Should you skip your second COVID-19 vaccine dose?

Vaccine uptake varies around the world, with some countries still experiencing higher rates of the first COVID-19 vaccine dose compared to a second dose, suggesting that some people may skip their second dose of the COVID-19 vaccine. A recent study suggests why this might not be a good choice.

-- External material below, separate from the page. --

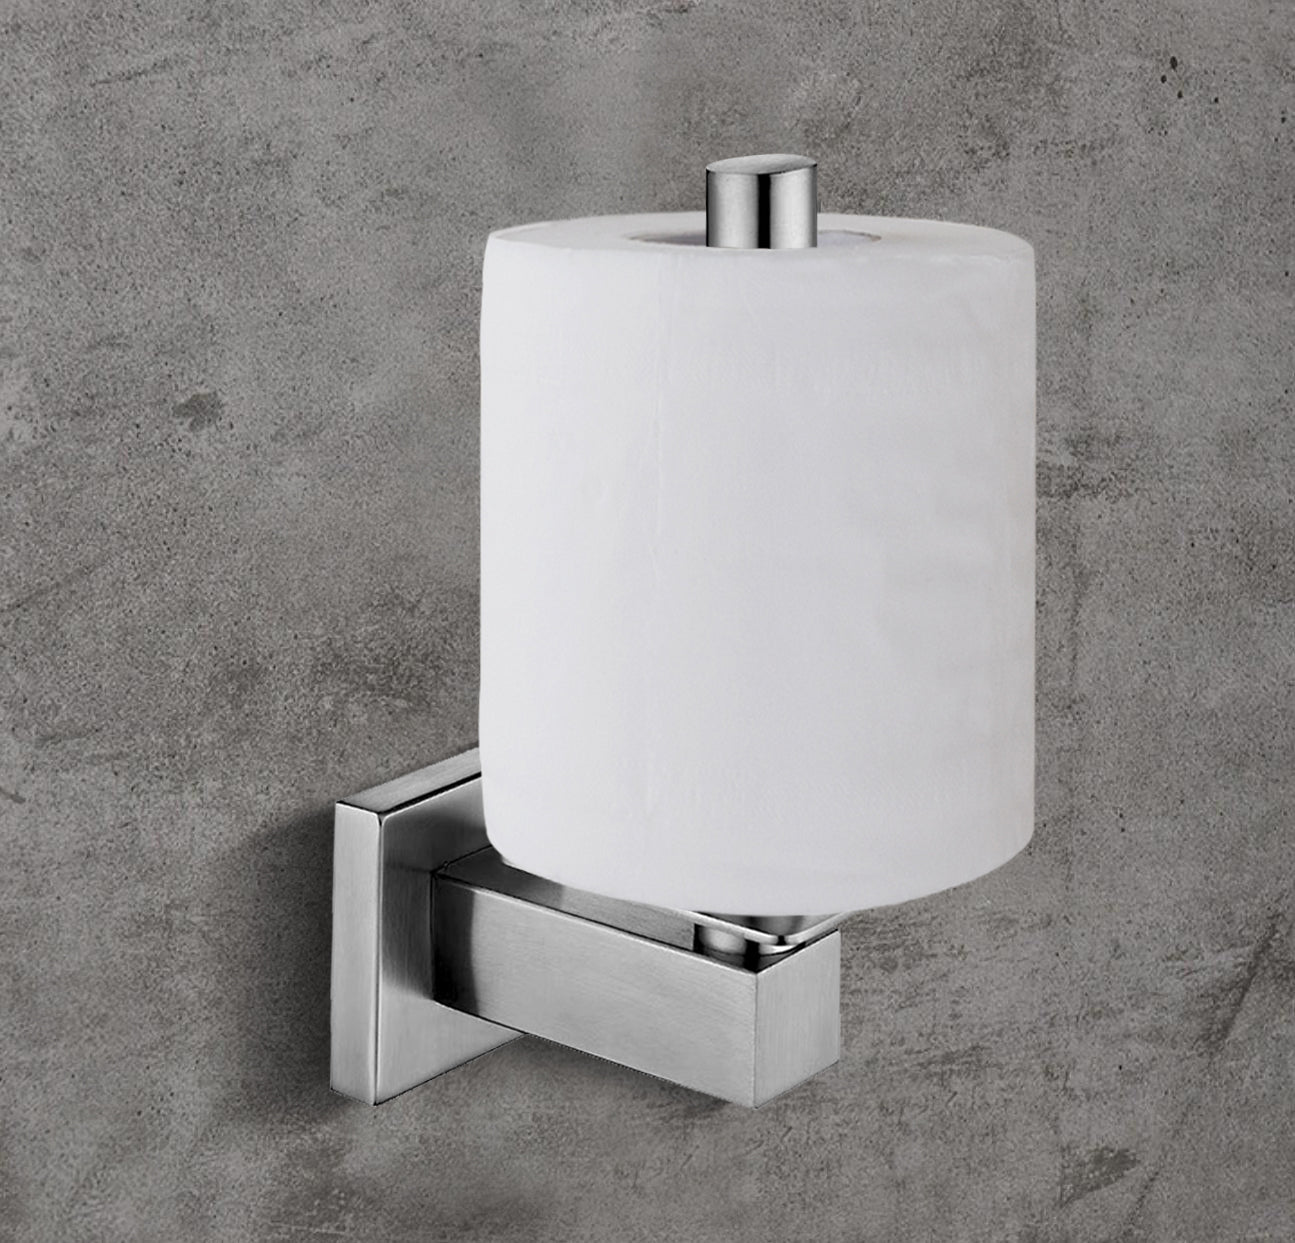 Lolypot Toilet Paper Holder Toilet Roll Holder Brushed Vertical WC

Conventionally, the approval of new vaccines around the world has always been a lengthy and systematic process. From an immunological point of view, new vaccines must succeed in inducing the production of neutralizing antibodies, which are produced by specific immune cells, the so-called B cells, and which prevent virus infection of the body

Pfizer and Moderna Covid-19 vaccinations

Pfizer and Moderna vaccines work similarly in that they both contain the mRNA code required to make SARS-Cov-2 spike proteins. 1 SARS-Cov-2 is the scientific term for the virus that COVID-19 causes, and this virus uses spike proteins to infect its human host's cells.

The mRNA vaccines developed by Pfizer and Moderna work differently than conventional vaccines. Classic vaccines, for example, typically consist either of the prefabricated individual proteins themselves or of pathogens that increase the immune system's response to a specific microbe

Importance of the second dose

As a new milestone in the field of vaccinology, the emergency use of two mRNA vaccines was approved within one year of the pandemic outbreak.2 Finally, Dr. Pulendran, Professor of Pathology at Stanford University School of Medicine, "This is the first time humans have been given RNA vaccines."

According to a study conducted by researchers at Stanford University, a second dose of the COVID-19 vaccine was found to give people a powerful boost to the immune system.1 Such conclusions were drawn after analyzing a wide range of blood samples from people who had the Pfizer vaccine had been immunized.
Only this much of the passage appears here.